Extracted records
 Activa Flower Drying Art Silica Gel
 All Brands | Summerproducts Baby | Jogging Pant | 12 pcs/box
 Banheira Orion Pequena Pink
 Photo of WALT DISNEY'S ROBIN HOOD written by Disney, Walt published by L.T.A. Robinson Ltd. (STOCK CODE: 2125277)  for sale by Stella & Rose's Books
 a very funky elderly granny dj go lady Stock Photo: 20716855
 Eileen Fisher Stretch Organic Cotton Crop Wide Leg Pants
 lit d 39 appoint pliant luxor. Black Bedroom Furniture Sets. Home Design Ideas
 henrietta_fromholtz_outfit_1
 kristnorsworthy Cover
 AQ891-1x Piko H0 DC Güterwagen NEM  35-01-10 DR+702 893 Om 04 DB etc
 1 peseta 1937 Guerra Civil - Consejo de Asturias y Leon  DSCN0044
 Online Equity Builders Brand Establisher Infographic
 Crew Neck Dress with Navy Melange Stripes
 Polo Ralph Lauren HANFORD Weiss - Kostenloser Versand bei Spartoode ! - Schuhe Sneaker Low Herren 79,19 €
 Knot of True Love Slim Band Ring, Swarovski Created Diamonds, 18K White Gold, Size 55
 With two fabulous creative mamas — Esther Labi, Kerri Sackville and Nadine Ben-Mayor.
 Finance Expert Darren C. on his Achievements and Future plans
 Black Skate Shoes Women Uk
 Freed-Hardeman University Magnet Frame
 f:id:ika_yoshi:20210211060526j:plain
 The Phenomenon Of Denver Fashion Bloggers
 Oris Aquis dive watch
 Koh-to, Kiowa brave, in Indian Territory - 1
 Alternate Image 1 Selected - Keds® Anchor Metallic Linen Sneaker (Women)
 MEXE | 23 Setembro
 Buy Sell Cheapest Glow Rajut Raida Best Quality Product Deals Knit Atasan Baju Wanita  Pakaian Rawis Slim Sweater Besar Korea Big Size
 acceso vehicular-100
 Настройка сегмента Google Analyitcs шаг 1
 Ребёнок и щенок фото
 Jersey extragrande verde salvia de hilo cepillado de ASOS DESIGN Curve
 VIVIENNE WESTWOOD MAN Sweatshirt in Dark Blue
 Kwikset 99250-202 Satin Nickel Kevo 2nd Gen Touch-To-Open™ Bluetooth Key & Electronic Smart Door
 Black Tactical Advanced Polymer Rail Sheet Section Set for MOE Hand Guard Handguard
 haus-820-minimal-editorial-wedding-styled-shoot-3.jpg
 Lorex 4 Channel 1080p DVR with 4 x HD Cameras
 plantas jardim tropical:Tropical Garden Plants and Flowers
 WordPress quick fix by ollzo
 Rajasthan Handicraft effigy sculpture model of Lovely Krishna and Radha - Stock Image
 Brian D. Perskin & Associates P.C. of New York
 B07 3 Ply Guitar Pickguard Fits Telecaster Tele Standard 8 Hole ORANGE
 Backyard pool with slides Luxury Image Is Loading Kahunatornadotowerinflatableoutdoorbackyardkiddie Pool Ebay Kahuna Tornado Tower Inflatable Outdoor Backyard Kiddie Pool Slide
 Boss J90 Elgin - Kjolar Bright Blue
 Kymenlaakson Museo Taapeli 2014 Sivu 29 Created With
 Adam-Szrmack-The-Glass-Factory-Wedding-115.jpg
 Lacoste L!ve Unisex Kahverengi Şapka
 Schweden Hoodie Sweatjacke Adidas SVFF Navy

■ **Task**
Start with the line above that contains "lit d 39 appoint" and end with the line that contains "Crew Neck Dress with Navy Melange Stripes". Write out those lines exactly, and only those.

■ **Answer for the task**
 lit d 39 appoint pliant luxor. Black Bedroom Furniture Sets. Home Design Ideas
 henrietta_fromholtz_outfit_1
 kristnorsworthy Cover
 AQ891-1x Piko H0 DC Güterwagen NEM  35-01-10 DR+702 893 Om 04 DB etc
 1 peseta 1937 Guerra Civil - Consejo de Asturias y Leon  DSCN0044
 Online Equity Builders Brand Establisher Infographic
 Crew Neck Dress with Navy Melange Stripes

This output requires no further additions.